Subscribe
  • Home
  • /
  • TechForum
  • /
  • Will the business analyst survive the Agile enterprise?

Will the business analyst survive the Agile enterprise?

Agile principles are changing the way the enterprise works, and the traditional business analyst role is set to disappear, says Jaco Viljoen, SAFE specialist at IndigoCube.


Johannesburg, 03 Jul 2014
Jaco Viljoen, SAFE specialist at IndigoCube
Jaco Viljoen, SAFE specialist at IndigoCube

Agile is transforming the software development world, and now Agile principles are changing the way the rest of the enterprise works. In the process, says Jaco Viljoen, Scaled Agile Framework (SAFE) specialist at IndigoCube, the traditional business analyst role is set to disappear.

Because Agile prioritises the collective and collaborative power of the team, the business analyst is simply not needed to act as the generator of innovation. Analysis will continue, quips Viljoen, but the analyst role will not. This trend will be accelerated as Agile is applied outside the IT environment.

The practical question is what will happen to the existing cadre of business analysts? Some - Viljoen believes up to one-third - have the potential to become product owners, an Agile role that, together with the scrum master, focuses on enabling the team to perform better. The ability to make the shift will depend not on skills - these can be taught - but rather on the individual's mindset and personality. Put baldly, the typical business analyst is a left-brain person while the product-owner role demands right-brain skills: this is a facilitative, people-centred role, focused not on detail but the big picture.

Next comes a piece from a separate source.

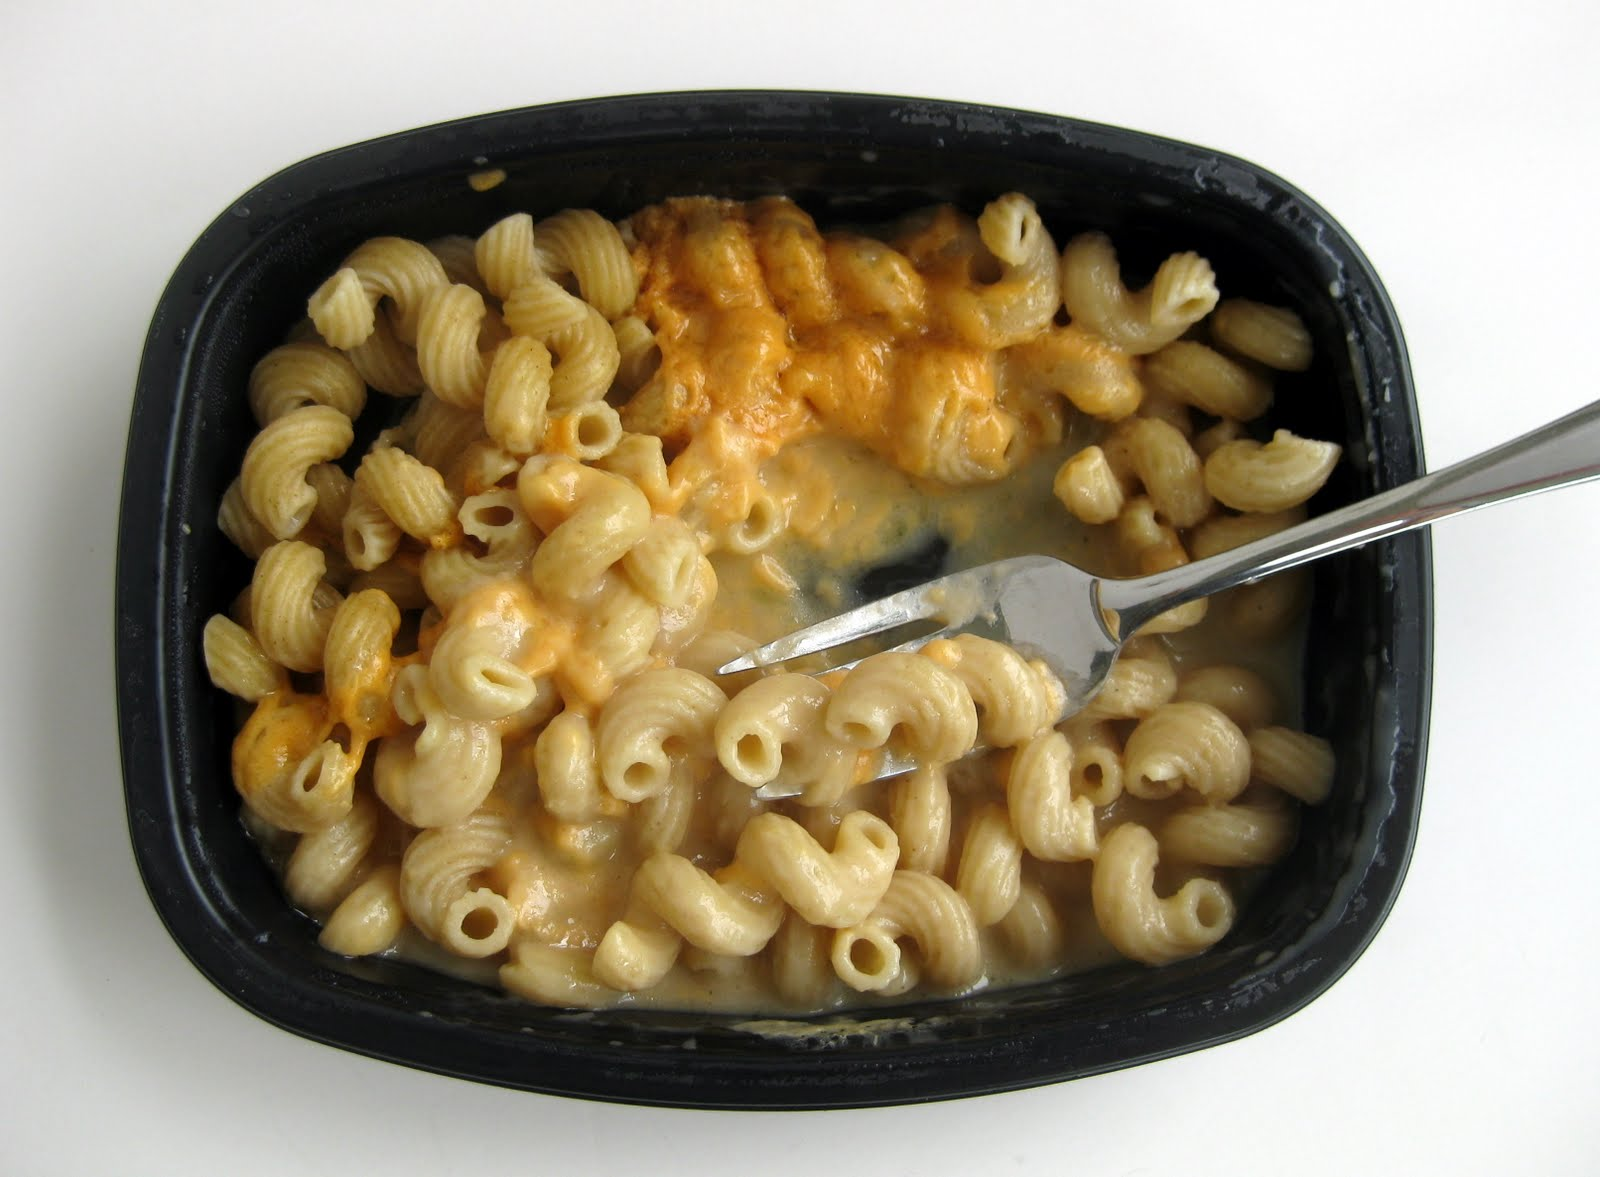 Whole Foods Vegan Macaroni And Cheese Recipe

"The product owner role is undervalued in Agile, but because it's aimed at getting the team to realise the best possible solution, the business analyst who can make the transition is pure gold to the company," Viljoen believes.

A further 5% of today's business analysts might take to the scrum master role. It requires a whole-brain person who has the flexibility needed to become the team coach. It's a difficult transition for most business analysts as they, more often than not, love to be part of the solutioning process.

Twenty percent will move into testing: a more natural move, Viljoen believes. They already do some testing and, as a discipline, it requires the same type of left-brain thinking.

In addition, a further 10% would be suited for the enterprise business analyst role. It's a portfolio-level mandate that aims to provide the high-level business case needed for the business leaders to decide on which projects to pursue. The detail - the traditional business analyst's role - would then be filled in by the whole team, as noted above. "Only a small number of these roles are needed, and they would typically be filled by senior people," Viljoen says.

Viljoen stresses the criteria for these new roles should not be skills, but rather the personality type of each individual.

It is thus important that HR plays a role in helping to assess individual suitability for these new roles. "You can't send a business analyst on a whole lot of training and think he or she will become a product owner," says Viljoen. "Skills get to you to the door, not through it!"

He recommends that business analysts being groomed for the critical product owner role should perhaps follow the apprentice route, and work alongside an existing product owner until they have matured into the role.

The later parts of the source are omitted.